The beginning:
Without anyone yet realizing it, history was made on Tuesday, June 13, 1978. The treatment of heart attacks (“acute myocardial infarctions”) would be changed forever with the first ever primary percutaneous coronary intervention (PCI), the procedure we use today to restore blood flow to the heart. Early that afternoon, Dr. Peter Rentrop received an emergency call from the Cardiac Catheterization Lab at the University Medical Center in Göttingen, Germany, which he headed at the time. There was a serious complication. The catheterization team was assembled around a patient complaining of severe chest pain. The electrocardiogram displayed on the monitor indicated an acute heart attack involving the back part of the heart (the ”inferior wall”). The patient, a 45-year-old truck driver, with a history of heavy smoking and high blood pressure, had been hospitalized nine months earlier for a heart attack also to the inferior wall. After discharge in October 1997, he still had burning in his chest when walking up hill or climbing stairs. One month before his current admission this discomfort had become more frequent, even at complete rest. Because of his worsening symptoms he now underwent coronary angiography.
What is coronary angiography?
Coronary angiography is an invasive procedure which visualizes the channel of the blood vessels feeding the heart muscle, the coronary arteries and reveals blockages in these vessels. Contrast material is injected into the coronary arteries through a thin plastic tube, called a catheter, which is advanced from an artery either in the leg or an arm to the origin of the coronary arteries. Flow of the contrast material through the coronary arteries is visualized and filmed using X-rays.
History in the making:
Before Dr. Rentrop’s arrival in the catheterization laboratory, the cardiologist performing the patient’s coronary angiography had found a small scar in the inferior wall, caused by the previous heart attack. The right coronary artery, which provides blood flow to the inferior wall, was severely narrowed in its middle segment (Figure 1). This is the original slide of that narrowing.

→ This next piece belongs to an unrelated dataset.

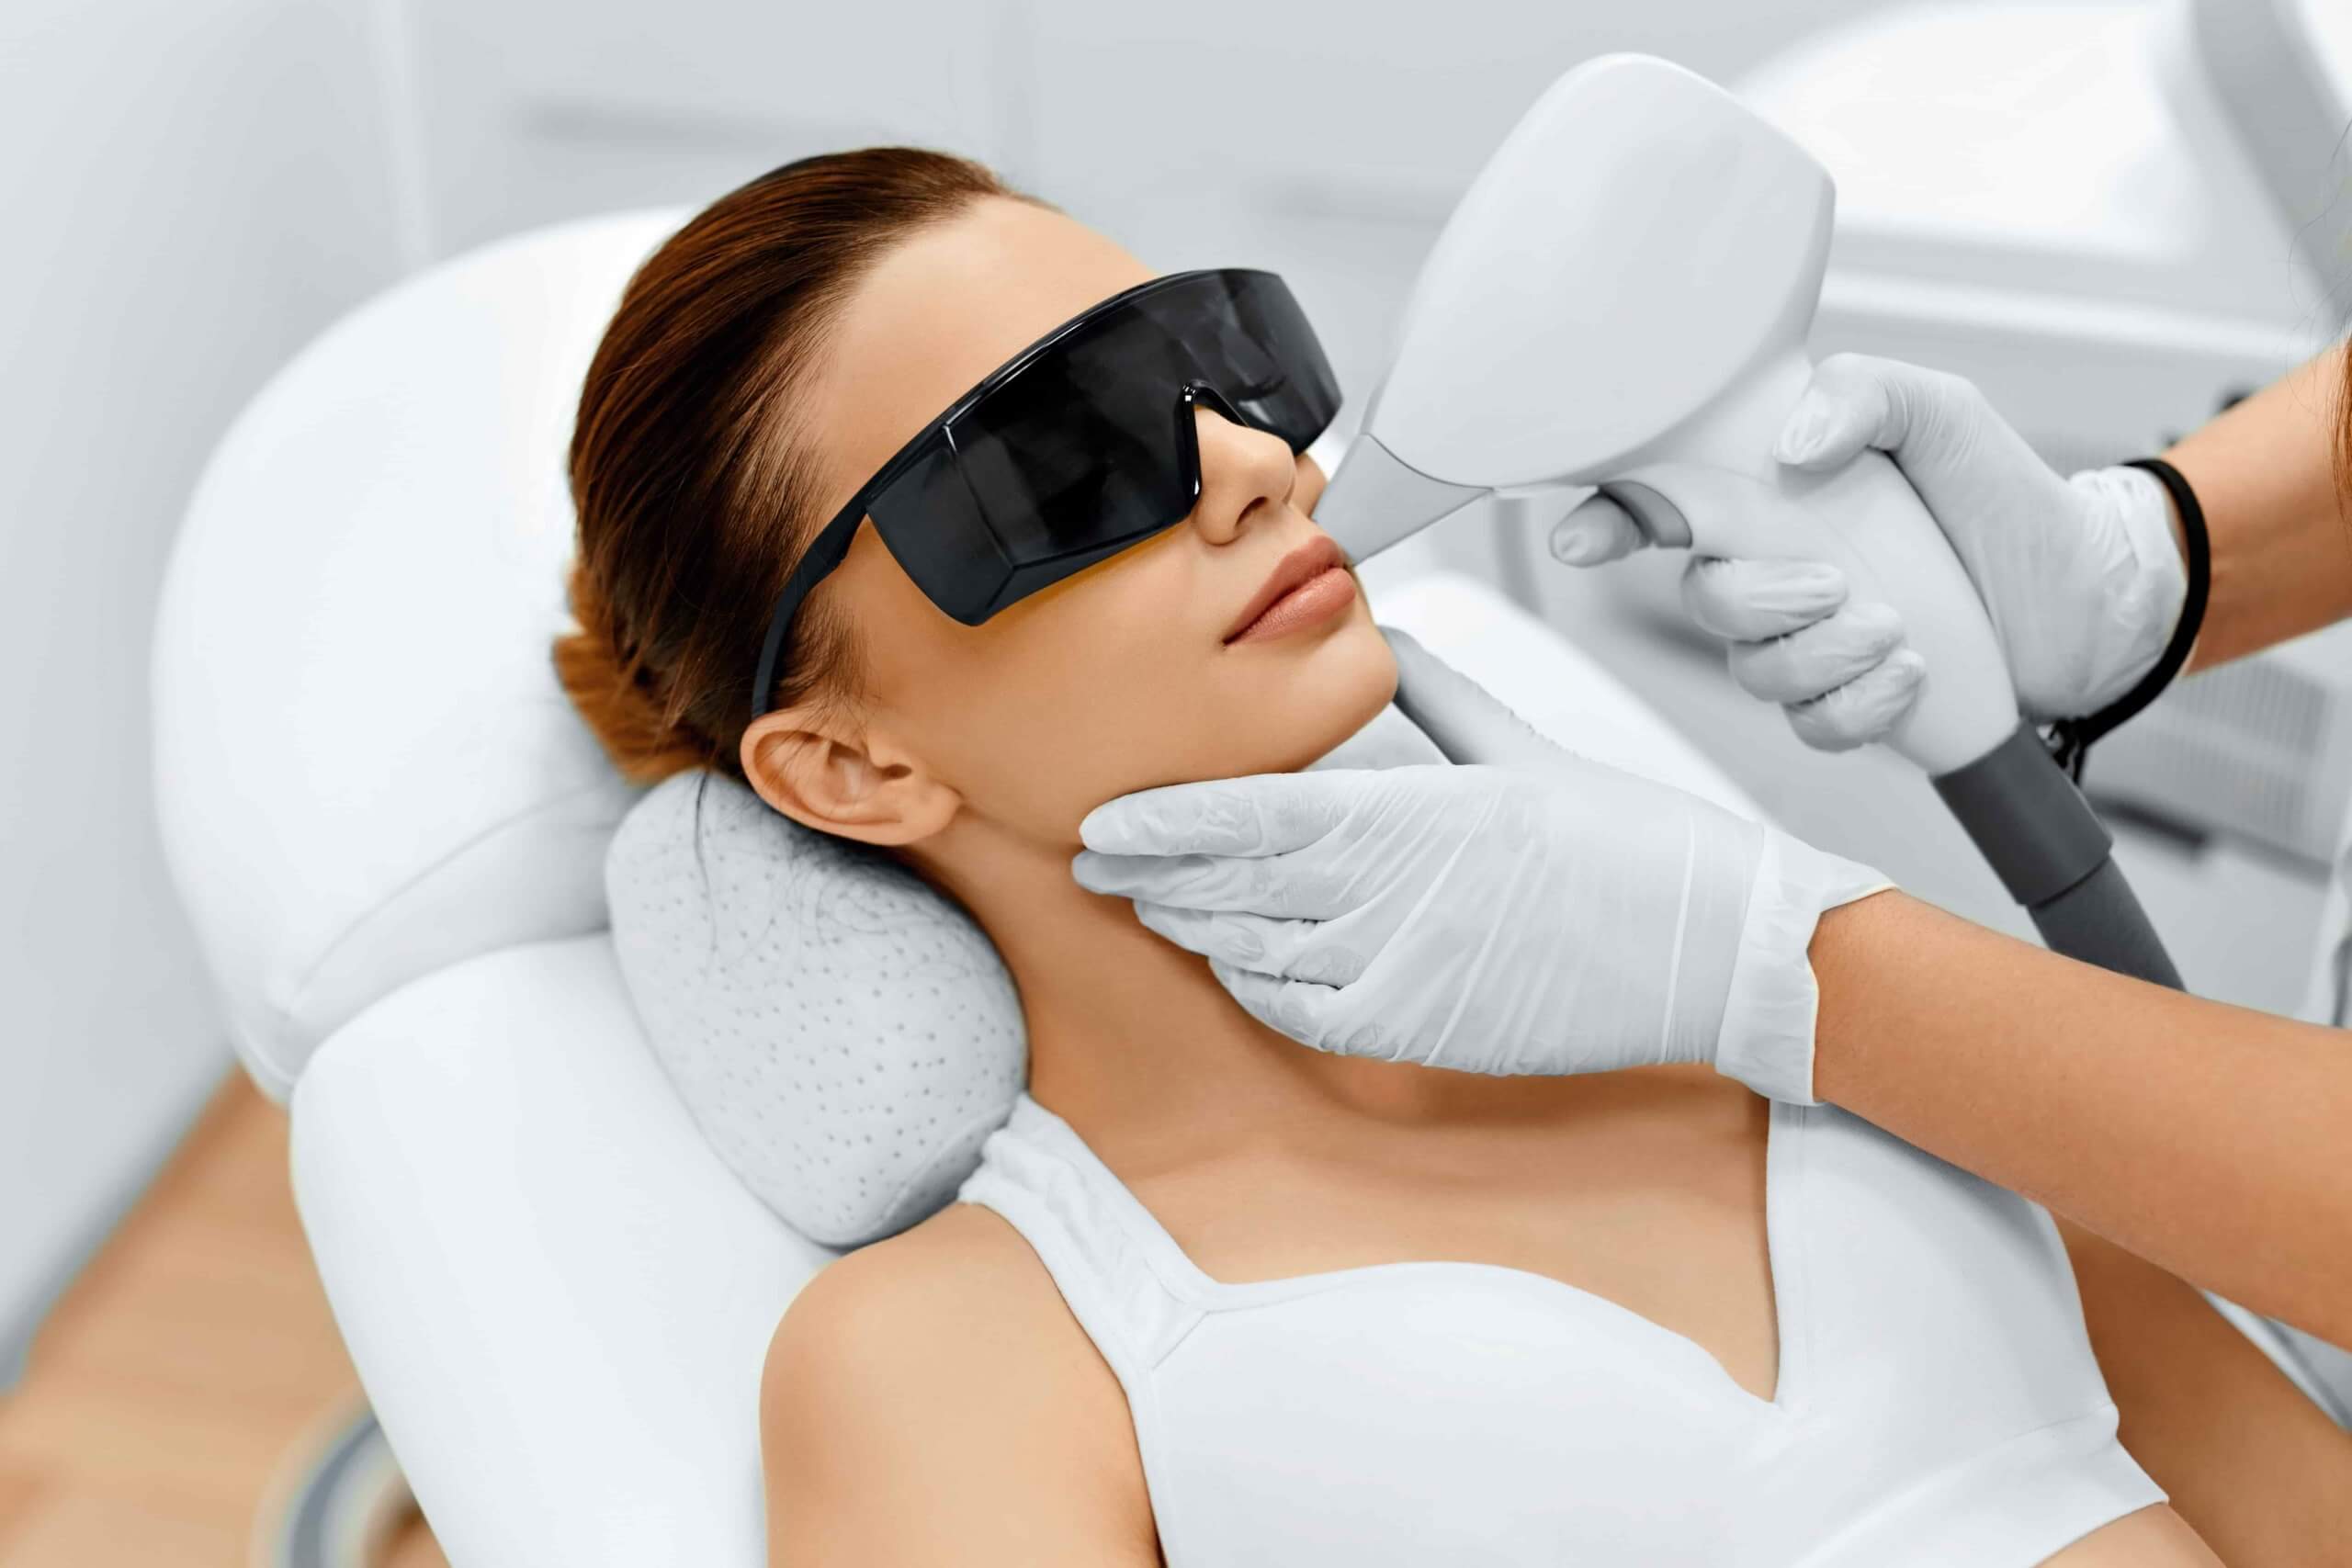 How laser hair removal works and its effectiveness for different skin and hair types

Three minutes after the second injection of contrast material into the right coronary artery the patient began to complain of chest pressure radiating into both arms which worsened rapidly. Only during his previous heart attack had he experienced symptoms of similar severity.
Since the changes in the electrocardiogram indicated that another heart attack was evolving in the distribution of the right coronary artery, Dr. K Peter Rentrop performed a third contrast injection into this vessel. It was now completely obstructed in the middle segment (figure 2).
What had happened?
Possible scenarios raced through Dr. Rentrop’s mind. A rare complication can occur when the catheter injures the vessel during coronary angiography, causing total occlusion. In this patient’s case, however, the angiogram did not show such damage. Another complication can happen if the catheter induces spasm of the vessel wall, which can also cause occlusion but can be resolved with nitroglycerin. For this patient, however, a 30-minute infusion of nitroglycerin did not improve his symptoms or electrocardiographic changes. The coronary occlusion persisted. His doctors now considered another rare complication of coronary angiography as the most likely cause of the abrupt obstruction. A blood clot had most likely formed on the surface of the catheter and washed down into the coronary artery, getting stuck in its severe narrowing. The patient was at the verge of losing the entire back wall and part of the side wall of his heart. Dr. Rentrop pondered how he could prevent this disastrous outcome. He found himself in more than one dilemma. He knew that the generally accepted treatment for heart attacks at the time, limited to bed rest, pain medication and treatment of irregular heartbeats, did not offer much hope for this patient. He also knew that the latest research about the cause and evolution of heart attacks contradicted the scientific principles underlying this standard treatment.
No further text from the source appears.